First off, for those who've asked... Yes, still talking to the guy. Nearly every day... We're not rushing anything, just getting to know one another. This isn't a relationship. At best it's a prelude. Anything else would be just plain silly given that — until I actually move to London — there are still something like 5,000 km/an eight-hour flight/five time zones separating us.
Now, on to tonight's topic...
I've been thinking, which is a euphemism meaning: expect this to be a long, unfocused, jumbled, barely coherent, rambling post that pulls in too many different directions.
A while back I started reading Filth by Irvine Welsh. I had to stop. I just couldn't do it. It was too offensive, too racist, too sexist, too hate-fuelled, too disgusting, too judgemental, too holier-than-thou, too something... Well, that and the fact that the grammar was too confusing. His lack of quote marks left me unsure of what was being said out loud and what was just the narrator's thoughts.

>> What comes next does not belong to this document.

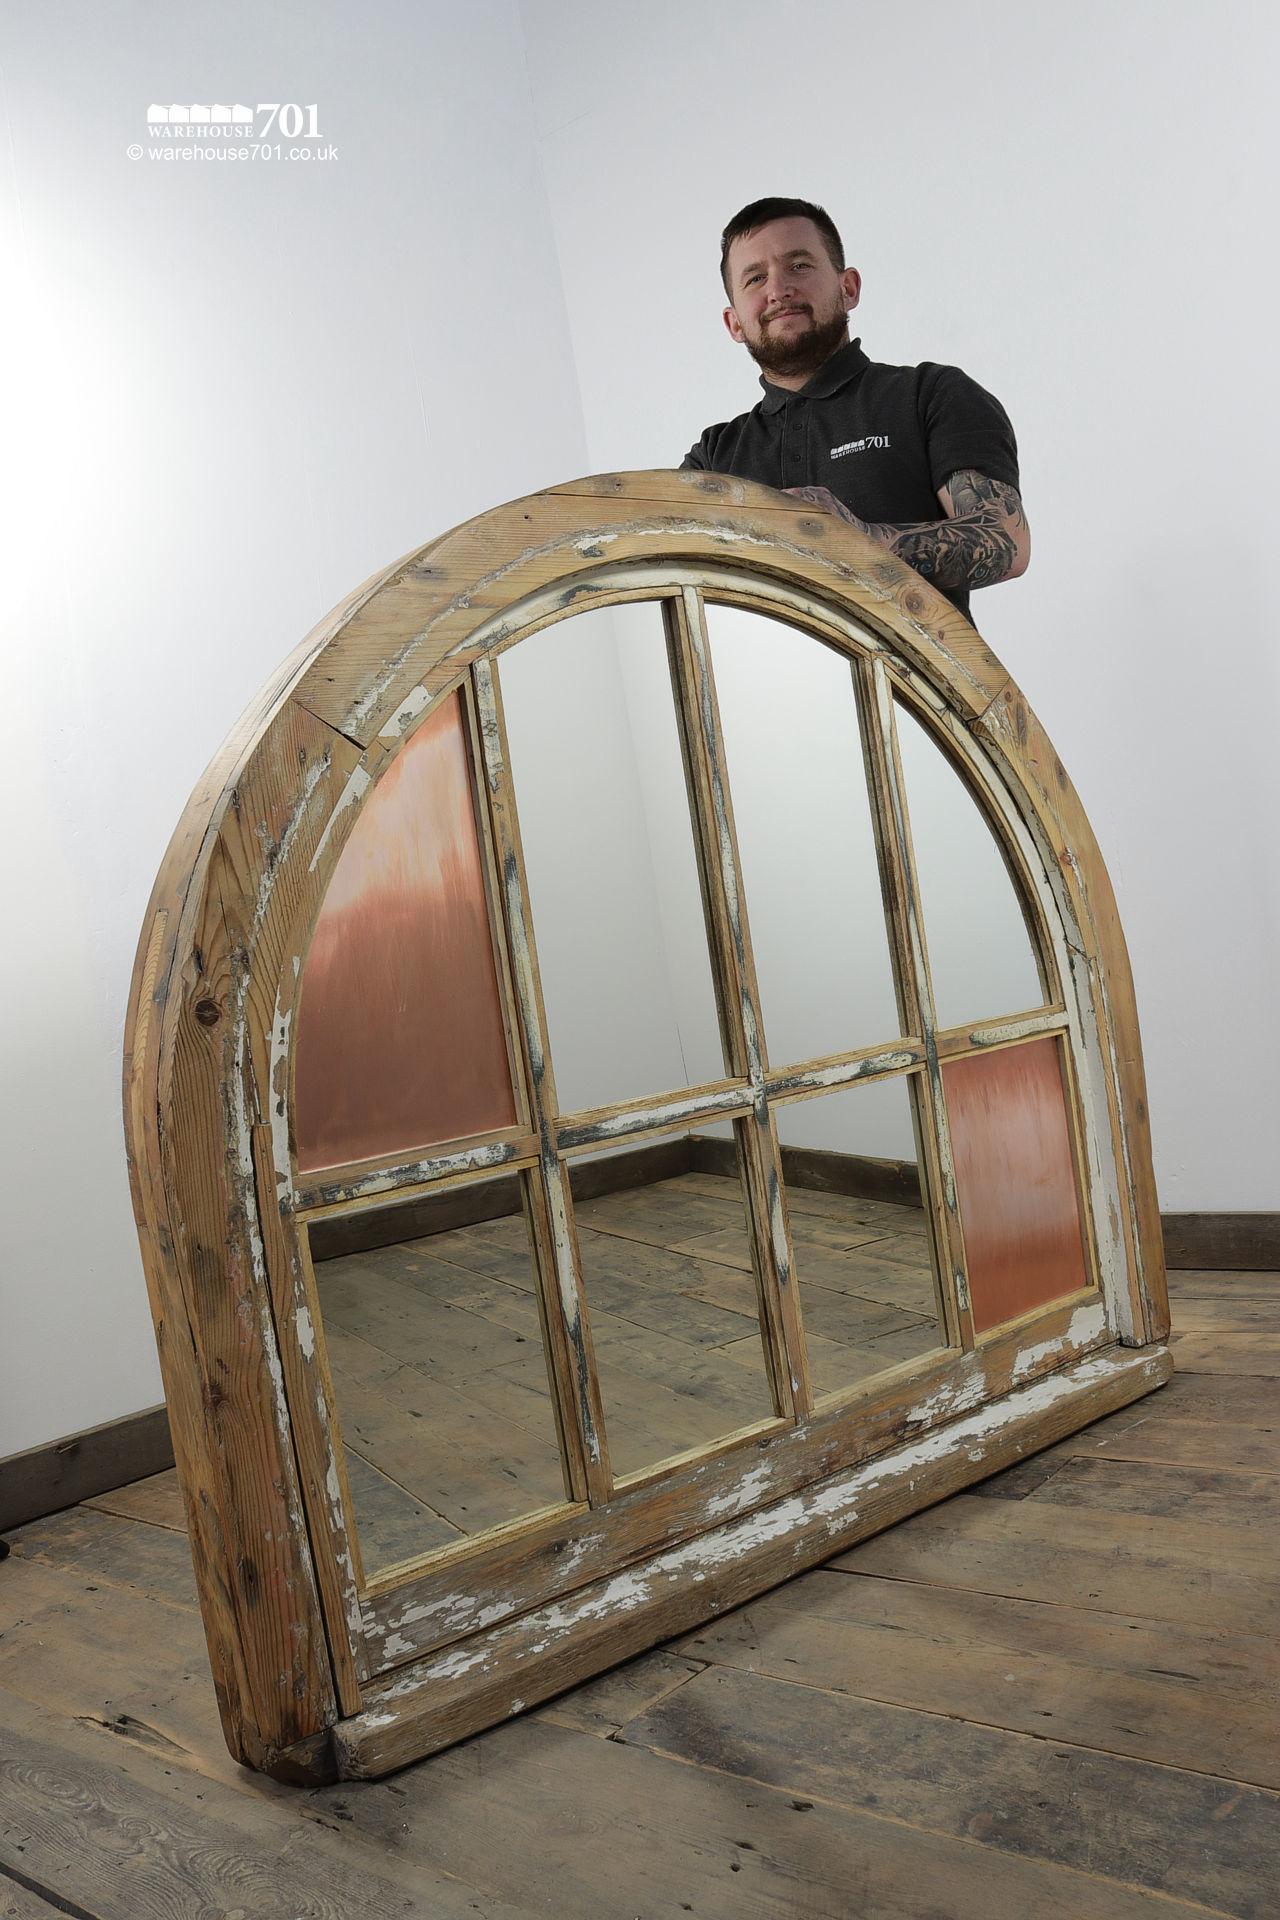 Impressive Architectural Copper and Wood Window Mirror #2

I decided I needed to wash my mouth out with soap, metaphorically speaking. So, now I am re-reading The Great Divorce by CS Lewis.
Concurrently with this, I've been feeling incredibly dissatisfied with my life. I find myself repeating the same phrase over and over again: I've ruined everything. I've spent my life waiting. Waiting for what I'm not sure. I guess I always figured I'd know it when I saw it.
Sounds stupid, right? Well, it was.
And this keeps bringing me back to last summer. Specifically, I find myself returning again and again to my grandfather's funeral. That reminds me... Someday I should write an ode to him. But that's beside the point.
At the funeral a tremendously dull preacher gave an infuriatingly heretical sermon. I wanted to grab him by the shoulders and shake him, screaming 'you've got it all wrong, dumbass!'
He used a scripture passage (I forget which one) to support his argument that we as Christians should spend our lives waiting on God. He said that we should do nothing until God tells us what to do, that we should make no decisions until we hear his voice. I wish I could remember what the passage was, because I remember thinking that it was saying the exact opposite.
I've always been a bit of a Hamlet. I think and I talk and I rage against the machine, but I never actually DO anything. Which is precisely what I mean when I say I've ruined everything... I've spent my whole life WAITING for some voice to come booming out of the sky to tell me what degree I was supposed to do. WAITING for some Angel of the Lord to show up and tell me which guy I was going end up with. WAITING for some miraculous writing to appear on the wall to tell me which career goals to pursue. Whatever... The point is that I've missed all my chances. I missed my stop.
Or at least it feels like I have. And that's a pretty depressing feeling.
But that brings me back around again to Lewis. Re-reading Divorce has got me pondering the concept of retroactive redemption.
I have just spent the better part of an hour trying to explain what I mean by retroactive redemption. I can't do it. I can think about it, but I can't express it in a satisfactory way.
How about this... It's the idea that not only can my trajectory be changed, thus alterring where I will go, but that my past can be redeemed as well. So, maybe someday I'll be able to look back and say that if I hadn't spent so much of my life waiting, I would never had got where I am. Maybe I'll eventually see my path as one I wouldn't recommend, but the only one which could ultimately lead me to where I needed to be.
Does that make sense?
Anyways, the whole point is that I need to stop waiting and start living. That way, maybe (just maybe) my life can be something good.